#### Work to complete:
Without the pictures, can you quote each line below exactly?

#### Data below:
___

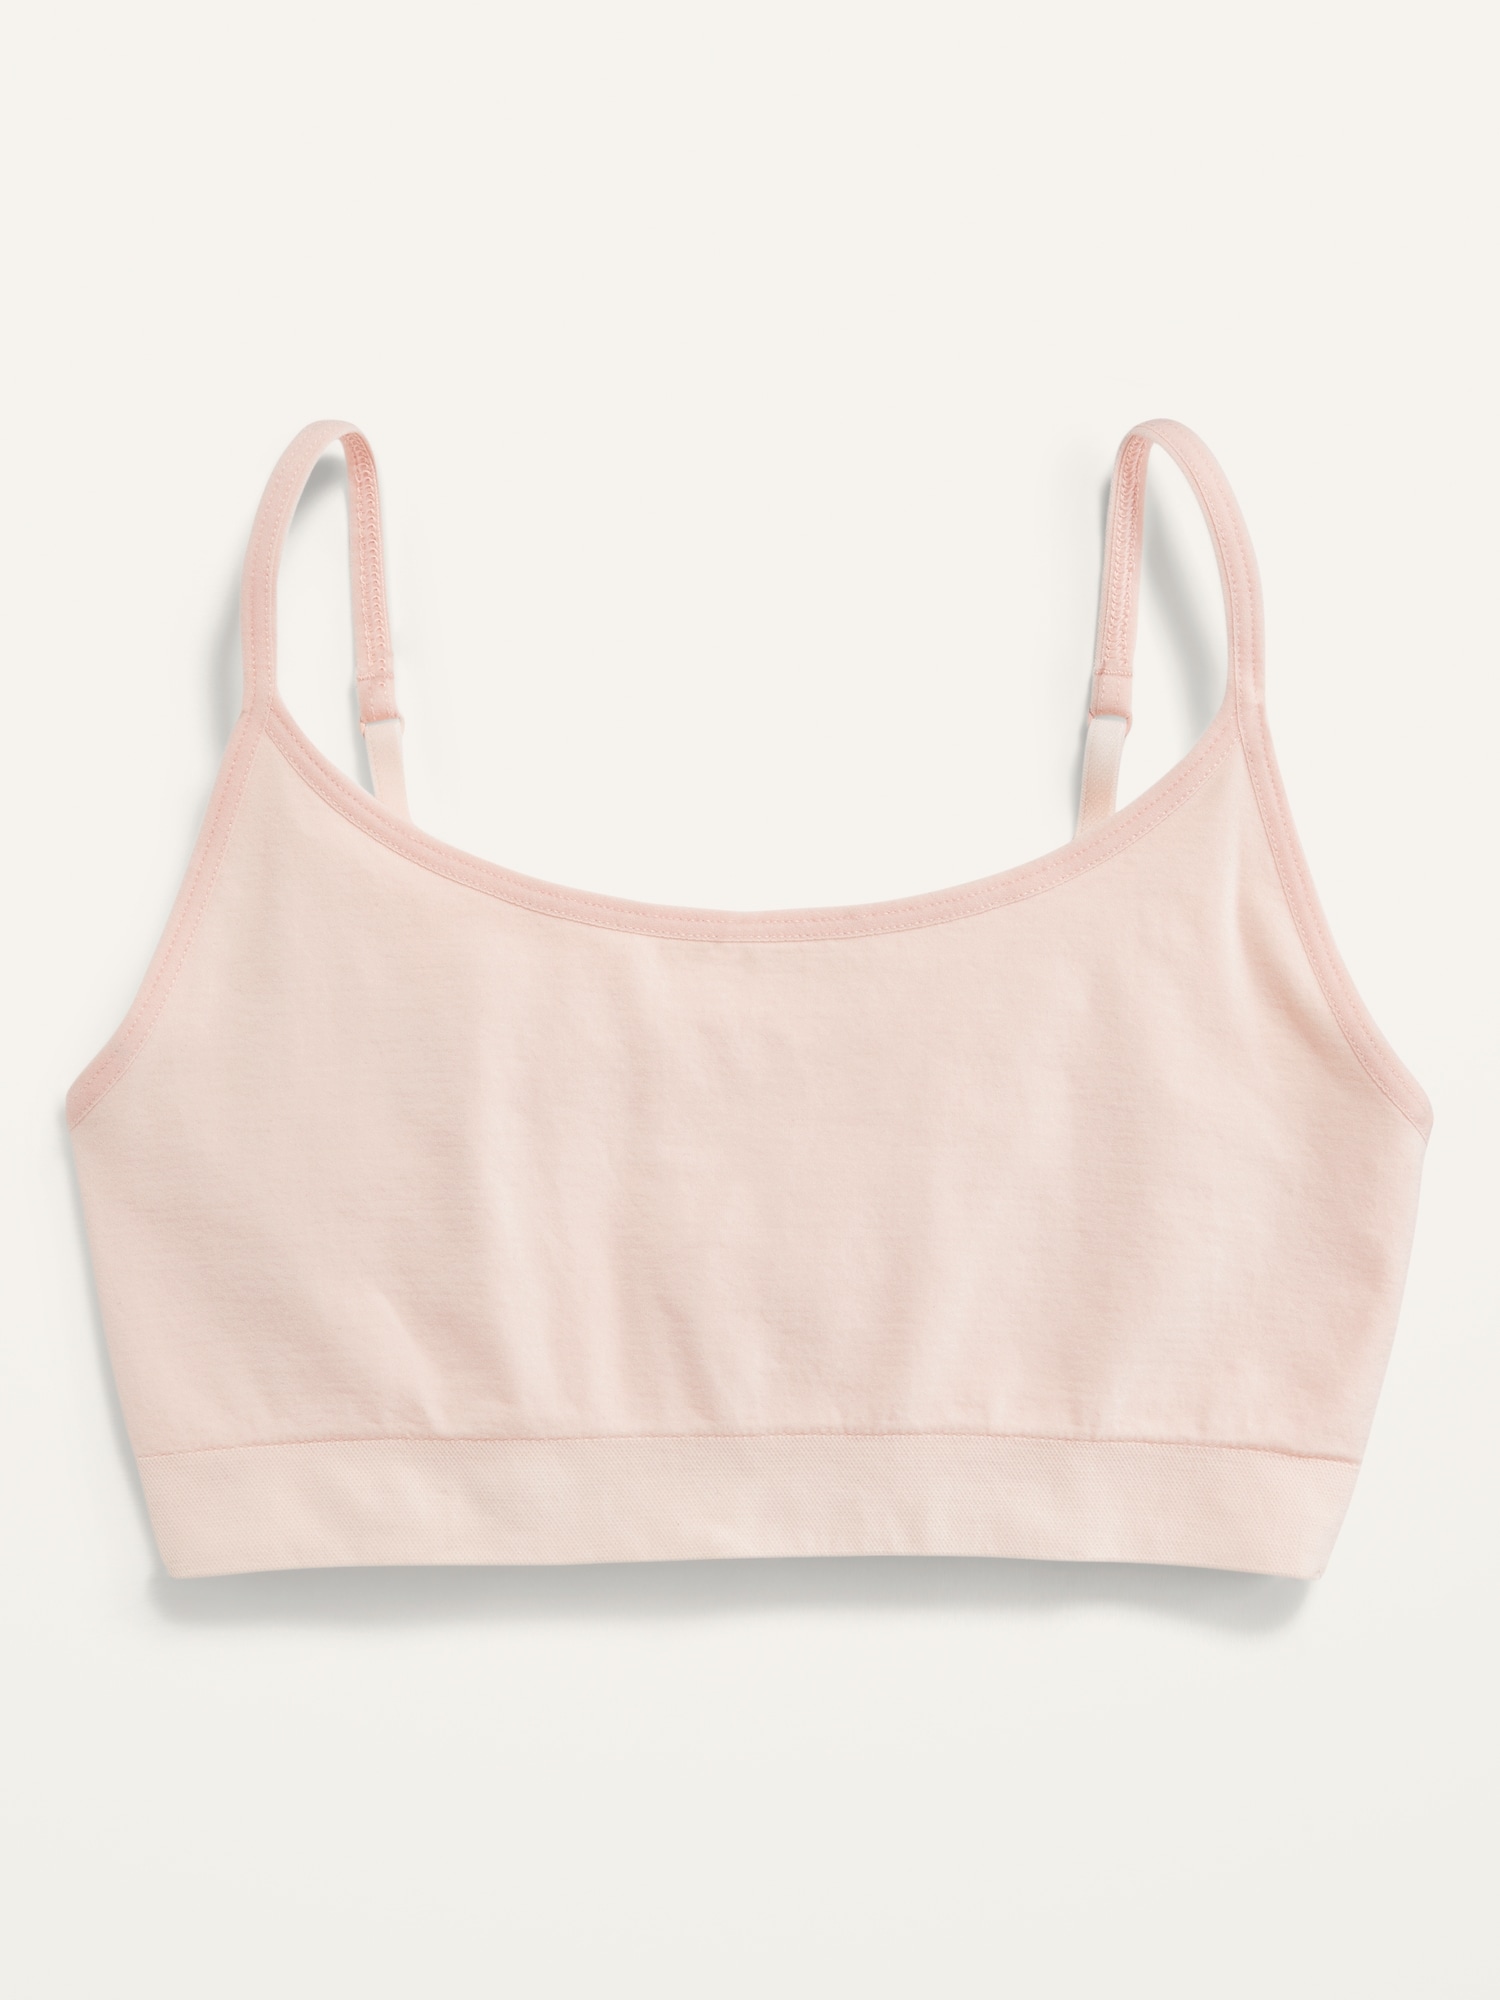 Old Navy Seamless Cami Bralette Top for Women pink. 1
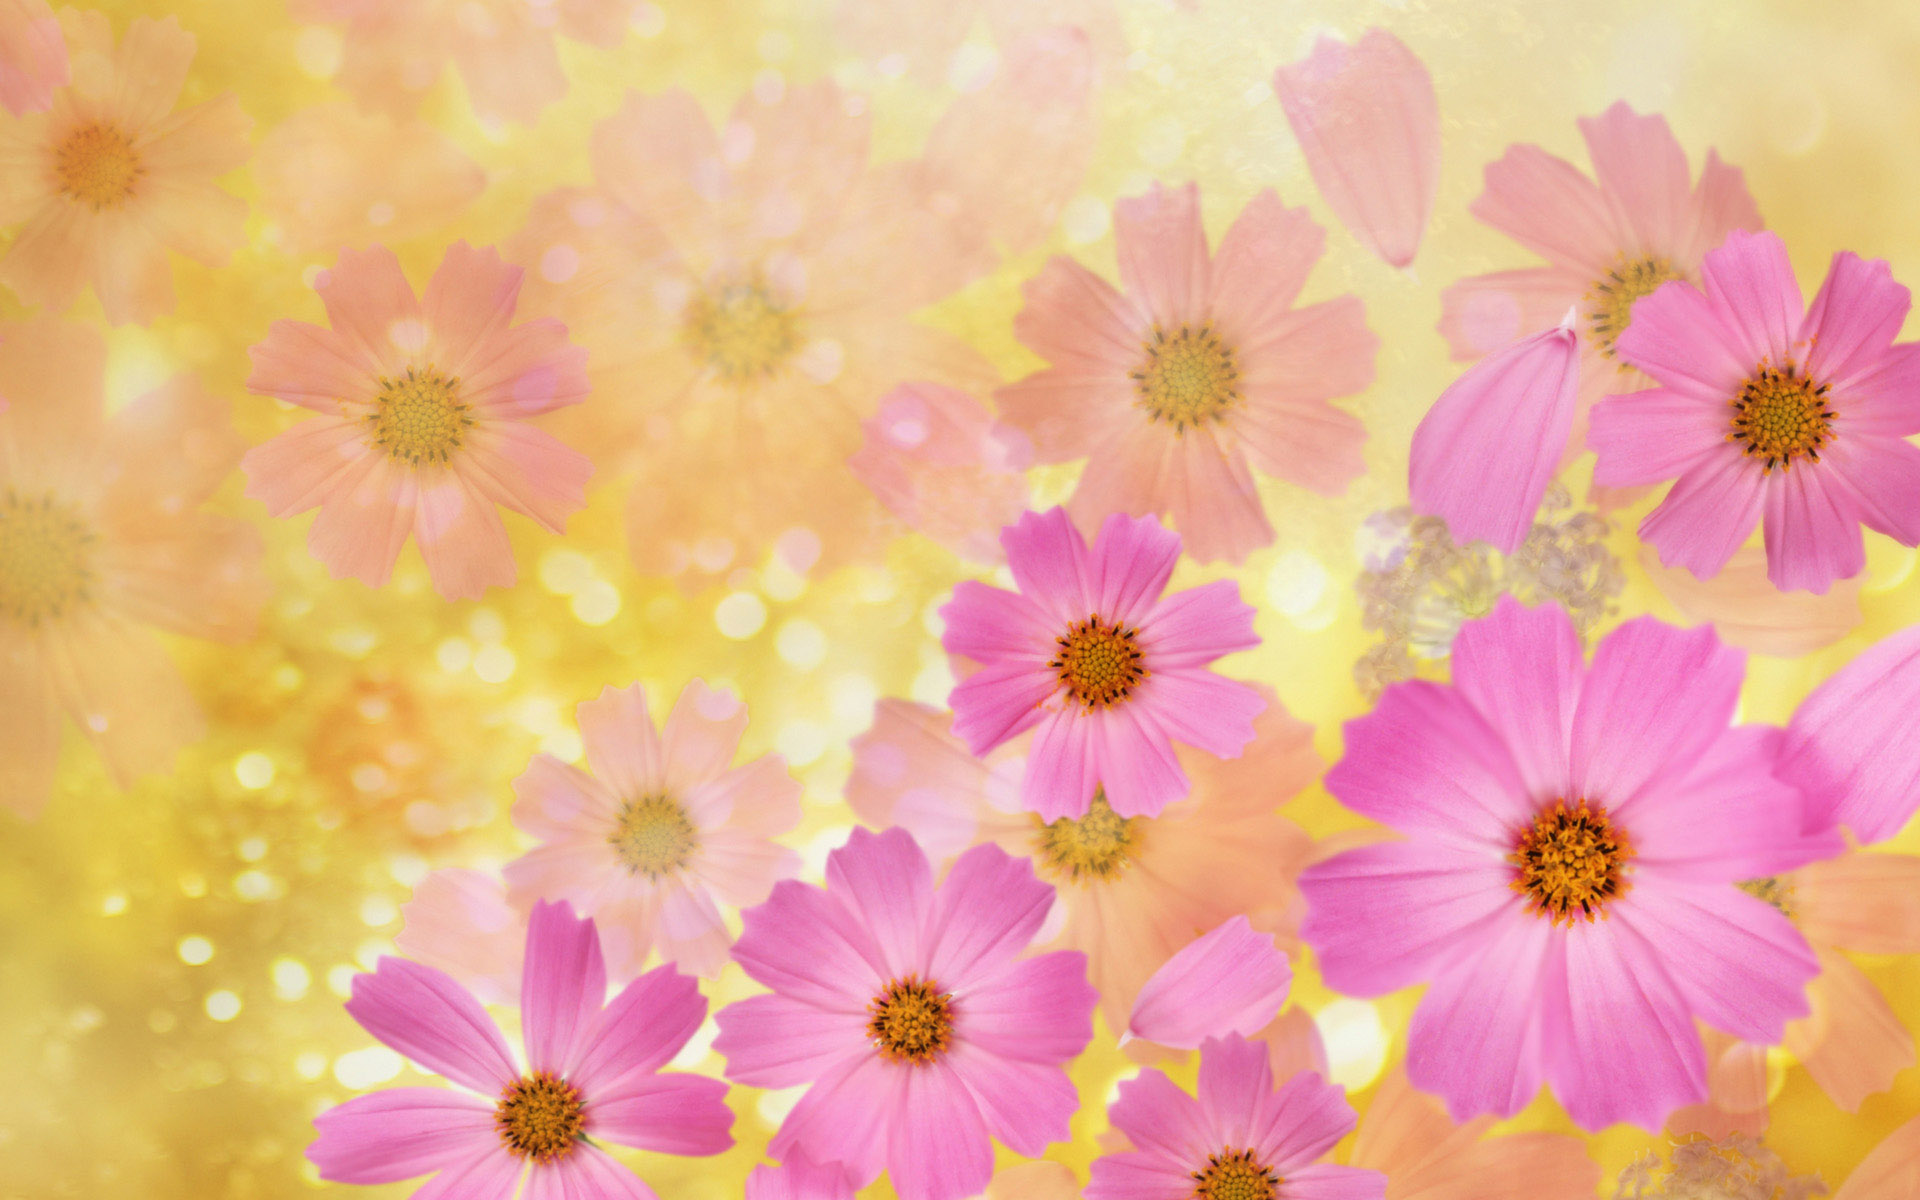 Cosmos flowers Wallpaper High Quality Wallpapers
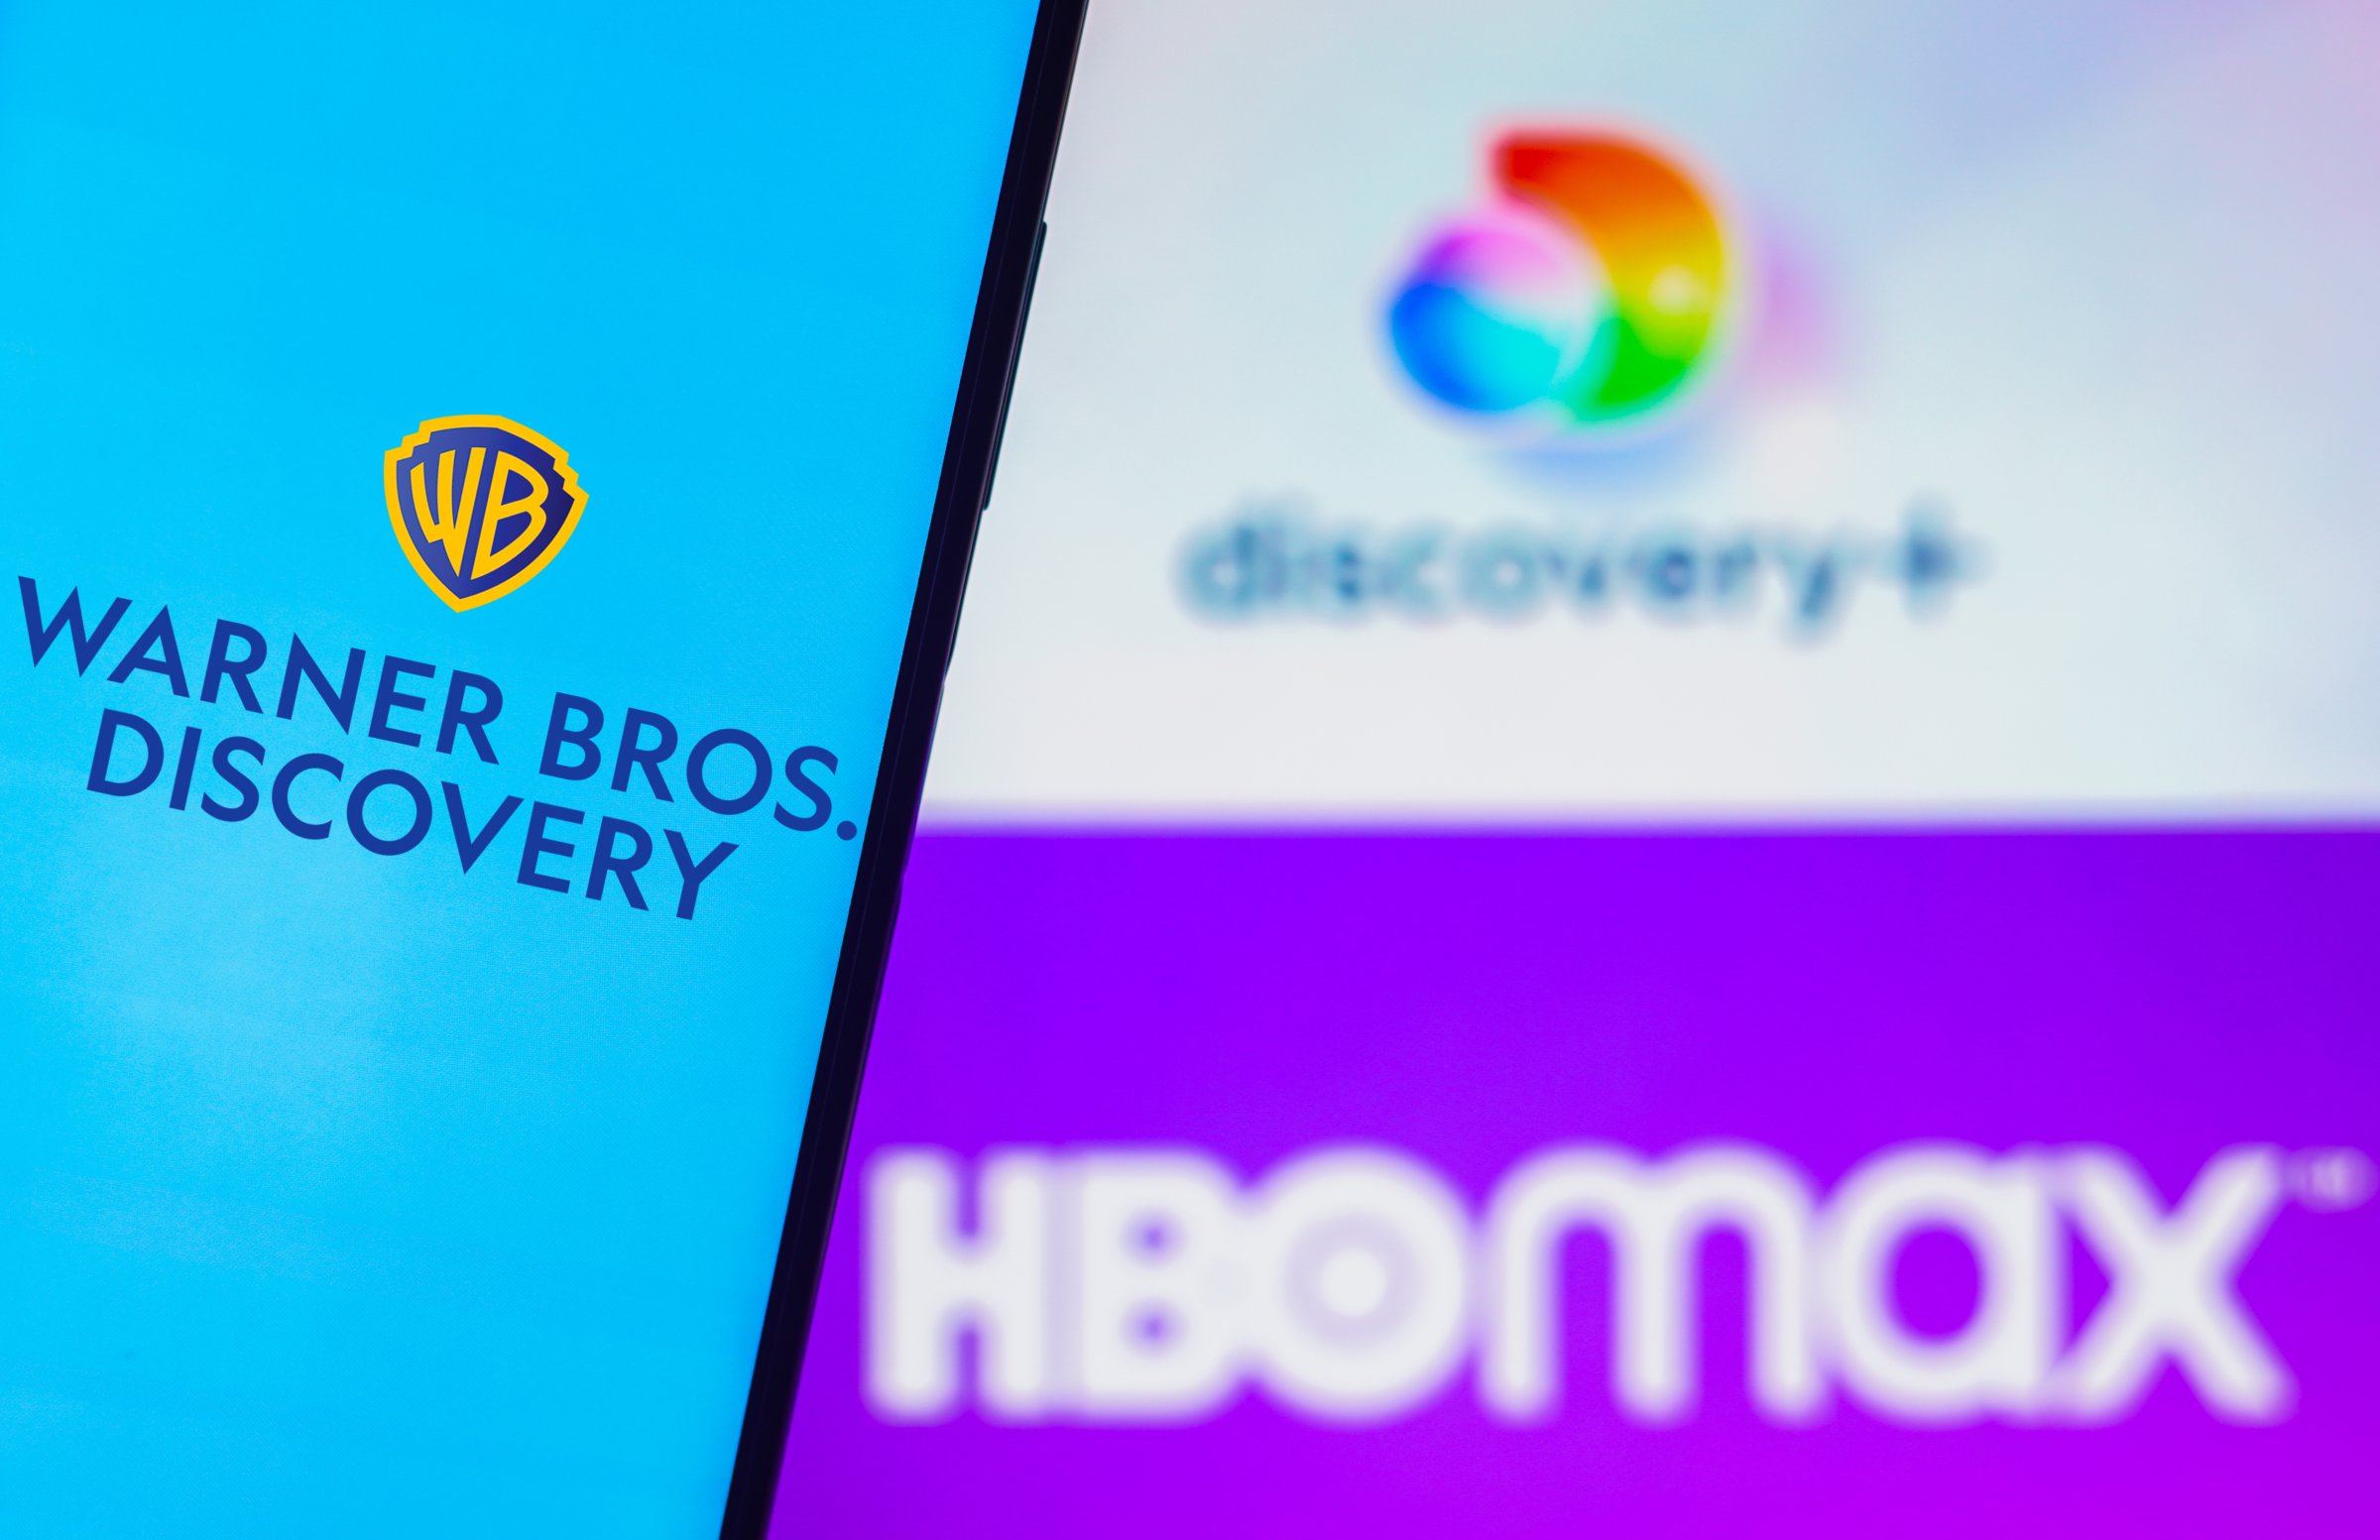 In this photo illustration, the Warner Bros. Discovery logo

___

#### Solution for this task:
 Old Navy Seamless Cami Bralette Top for Women pink. 1
 Cosmos flowers Wallpaper High Quality Wallpapers
 In this photo illustration, the Warner Bros. Discovery logo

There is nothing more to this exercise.